The reply needs the lines from the one containing "Dokumente der Sozialistischen" through the end of the material, each repeated exactly, and no pictures.

DATA SEGMENT –
____________

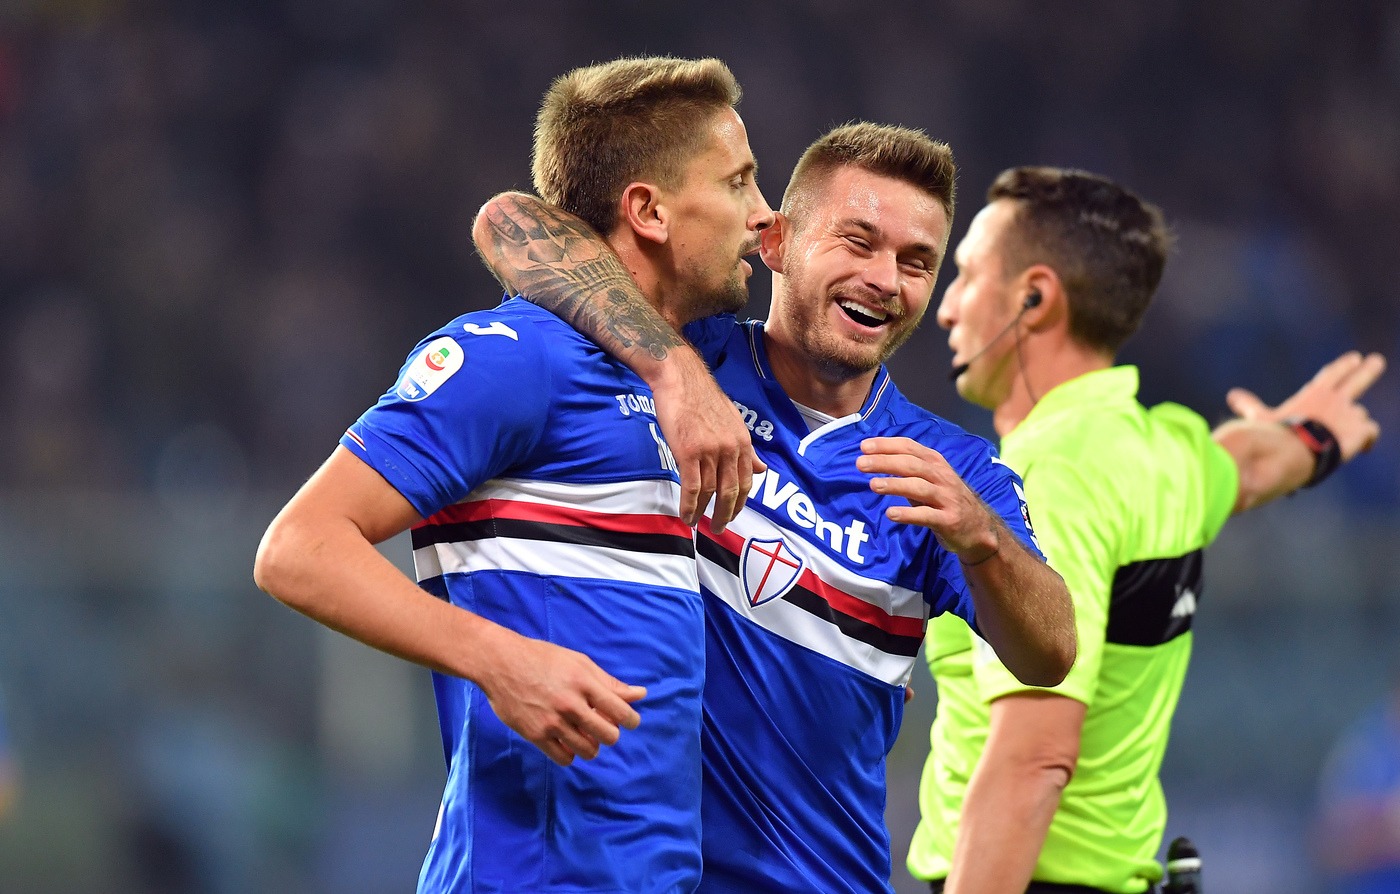 Serie A, Sampdoria-Chievo Verona mercoledì 26 dicembre: analisi e pronostico della 18ma giornata del campionato italiano
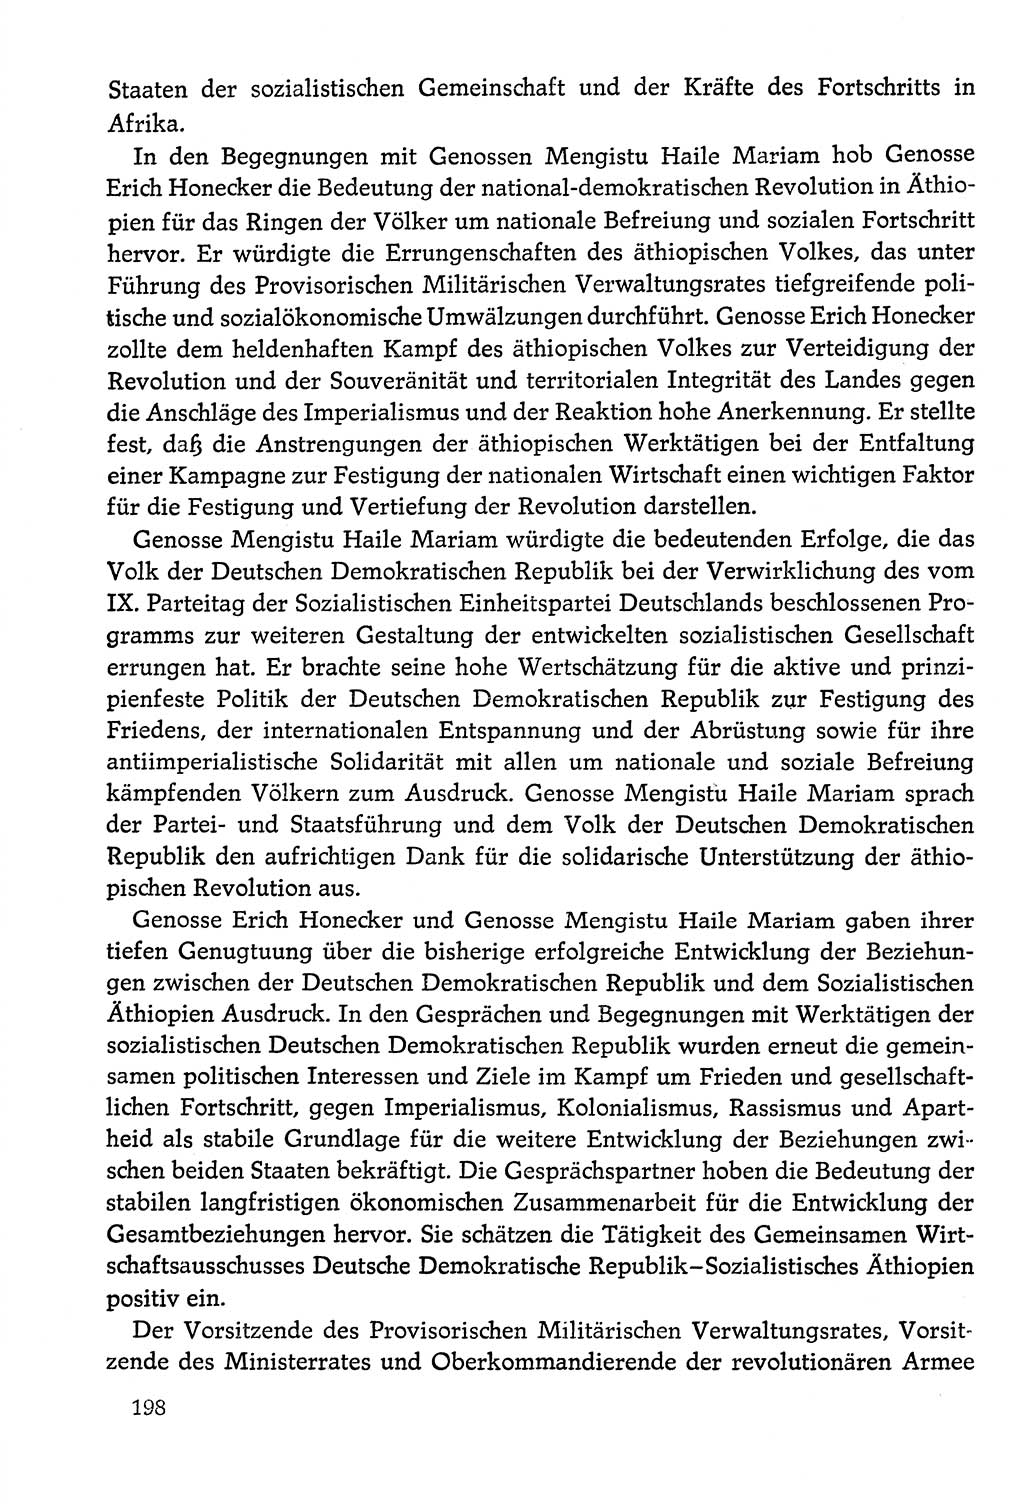 Dokumente der Sozialistischen Einheitspartei Deutschlands (SED) [Deutsche Demokratische Republik (DDR)] 1978-1979, Seite 198 (Dok. SED DDR 1978-1979, S. 198)
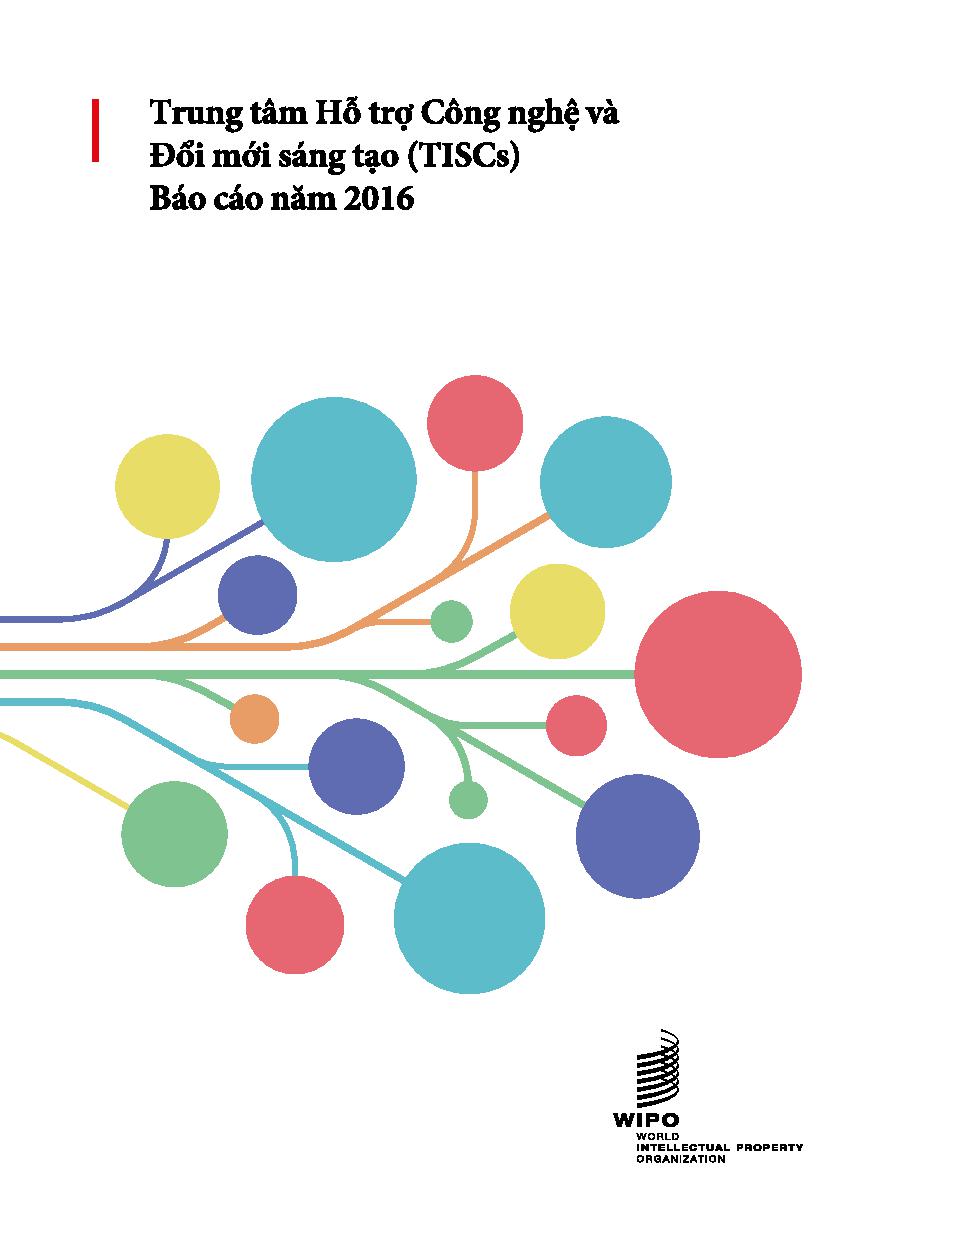 Trung tâm hỗ trợ Công nghệ và đổi mới sáng tạo (TISCs) - Báo cáo năm 2016

____________

SOLUTION TO THIS EXERCISE –
 Dokumente der Sozialistischen Einheitspartei Deutschlands (SED) [Deutsche Demokratische Republik (DDR)] 1978-1979, Seite 198 (Dok. SED DDR 1978-1979, S. 198)
 Trung tâm hỗ trợ Công nghệ và đổi mới sáng tạo (TISCs) - Báo cáo năm 2016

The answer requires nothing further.